Is there a way to decompose, for example, $\text{Var}\Big( \frac{1}{n} \sum_{i=1}^{n} (Y_i - \hat{Y}_i)^2 \Big)$, into a sum including $\text{Var}(\hat{Y}_i)$? So far I've broken down this down into a bunch of granular terms, and am trying to consolidate these into something clearer. For notation sake, let $\epsilon_i = Y_i - \hat{Y_i}$.

$$ \begin{equation} \text{Var}\Big( \frac{1}{n} \sum_{i=1}^{n} \epsilon_i^2 \Big) = \frac{1}{n^2} \Big( \sum_{i=1}^{n} \text{Var}(\epsilon_i^2) + 2\sum_{i < j} \text{Cov}(\epsilon_i^2, \epsilon_j^2) \Big). \end{equation} $$

Breaking down $\text{Var}(\epsilon_i^2)$:

$$ \begin{align} \text{Var}(\epsilon_i^2) &= \text{Var}(Y_i^2 - 2Y_i\hat{Y}_i + \hat{Y}_i^2) \\ &= \text{Var}(Y_i^2) + 4\text{Var}(Y_i\hat{Y}_i) + \text{Var}(\hat{Y}_i^2) - 2\text{Cov}(Y_i^2, Y_i\hat{Y}_i) - 2\text{Cov}(\hat{Y}_i^2, Y_i\hat{Y}_i) \\ &= \text{Var}(Y_i^2) + \text{E}(\hat{Y}_i)^2 \text{Var}(Y_i) + \text{Var}(\hat{Y}_i)\text{E}(Y_i)^2 + \text{Var}(\hat{Y}_i^2) \\ &\qquad - 2\text{E}(\hat{Y}_i)\text{Cov}(Y_i^2, Y_i) - 2\text{E}(Y_i)\text{Cov}(\hat{Y}_i^2, \hat{Y}_i). \end{align} $$

Note that I used this fact to break down $\text{Var}(Y_i\hat{Y}_i)$ and this fact to break down the two covariance terms.
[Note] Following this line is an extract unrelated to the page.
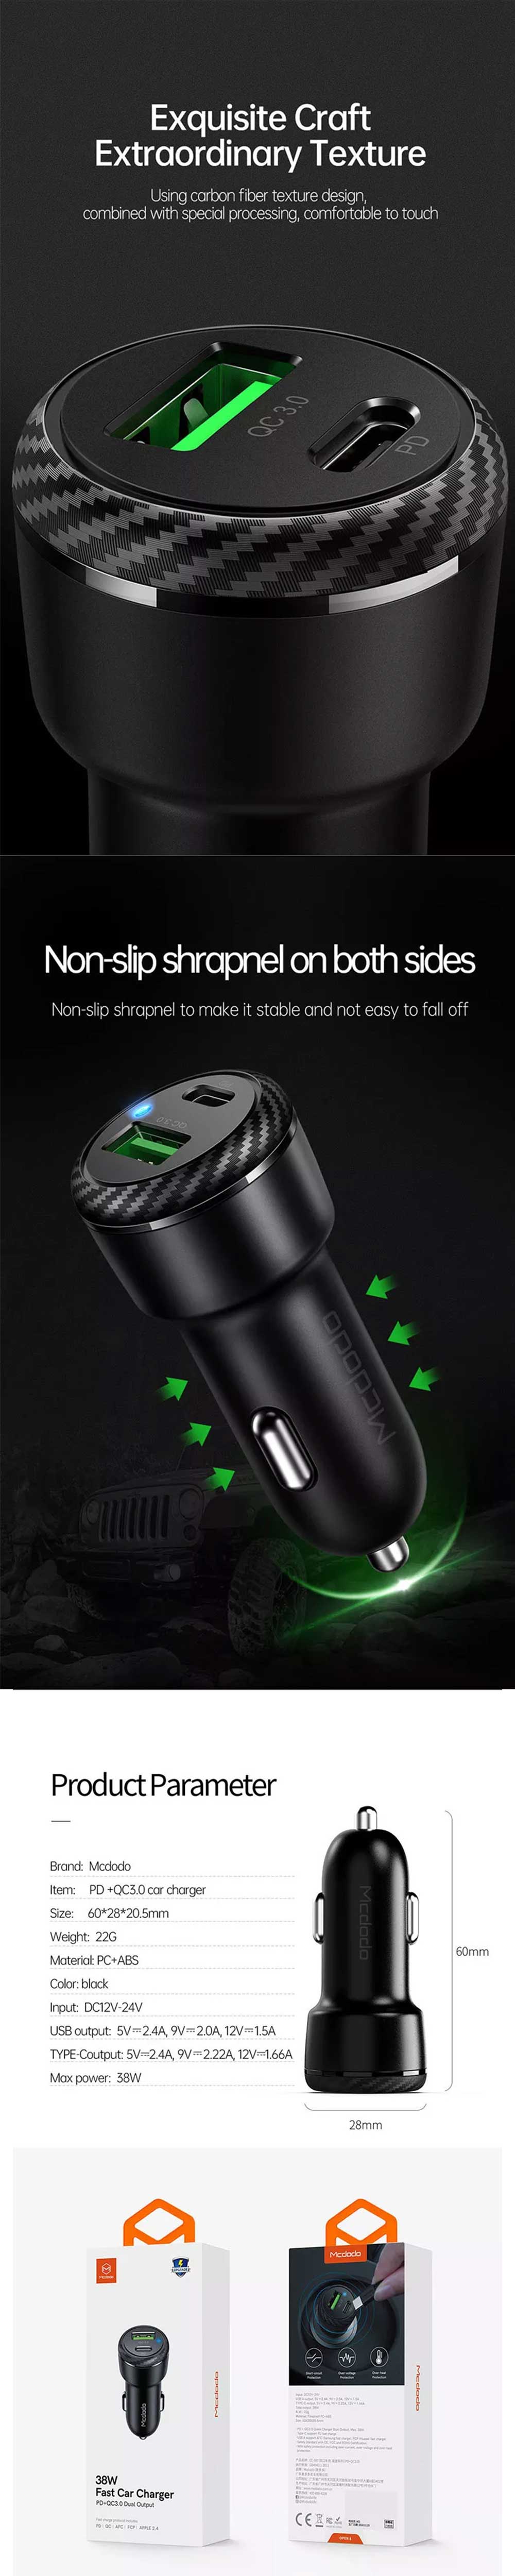 Mcdodo 38W PDQC3 Fast Car Charger 5

Breaking down the covariances $\text{Cov}(\epsilon_i^2, \epsilon_j^2)$ where $i < j$, thanks to @gunes' answer (which I think used the above referenced fact about covariance):

$$ \begin{align} \text{Cov}(\epsilon_i^2, \epsilon_j^2) &= \text{Cov}(Y_i^2 - 2Y_i\hat{Y}_i + \hat{Y}_i^2, Y_j^2 - 2Y_j\hat{Y}_j + \hat{Y}_j^2) \\ &= \text{Cov}(Y_i^2, Y_j^2) - 2\text{Cov}(Y_i^2, Y_j\hat{Y}_j) + \text{Cov}(Y_i^2, \hat{Y}_j^2) \\ &\qquad - 2\text{Cov}(Y_i\hat{Y}_i, Y_j^2) + 4\text{Cov}(Y_i\hat{Y}_i, Y_j\hat{Y}_j) - 2\text{Cov}(Y_i\hat{Y}_i, \hat{Y}_j^2)\\ &\qquad + \text{Cov}(\hat{Y}_i^2, Y_j^2) - 2\text{Cov}(\hat{Y}_i^2, Y_j\hat{Y}_j) + \text{Cov}(\hat{Y}_i^2, \hat{Y}_j^2) \\ &= 0 -2(0) + 0 \\ &\qquad - 2(0) + 4\text{Cov}(Y_i\hat{Y}_i, Y_j\hat{Y}_j) - 2\text{Cov}(Y_i\hat{Y}_i, \hat{Y}_j^2) \\ &\qquad + 0 - 2\text{Cov}(\hat{Y}_i^2, Y_j\hat{Y}_j) + \text{Cov}(\hat{Y}_i^2, \hat{Y}_j^2) \\ &= 4\text{E}(Y_i)\text{E}(Y_j)\text{Cov}(\hat{Y}_i, \hat{Y}_j) - 2\text{E}(Y_i)\text{Cov}(\hat{Y}_i, \hat{Y}_j) \\ &\qquad - 2\text{E}(Y_j)\text{Cov}(\hat{Y}_i, \hat{Y}_j) + \text{Cov}(\hat{Y}_i^2, \hat{Y}_j^2) \\ &= \text{Cov}(\hat{Y}_i, \hat{Y}_j)\big( 4\text{E}(Y_i)\text{E}(Y_j) - 2(\text{E}(Y_i) + \text{E}(Y_j)) \big) + \text{Cov}(\hat{Y}_i^2, \hat{Y}_j^2). \end{align} $$

At this point, employing the assumption that we're fitting a Gaussian linear model may help.

Simulation - LASSO

See this Python notebook.

Problems with this simulation:

1. I thought the variance in predictions decreases as the $l_1$ penalization coefficient (alpha in scikit-learn) increases. This simulation does not have this property.
2. The plot is quite sensitive to dataset parameters. I can explore this more. But overall, the simulation doesn't provide consistent evidence for or against the hypothesis that higher variance in predictions causes higher variance in error.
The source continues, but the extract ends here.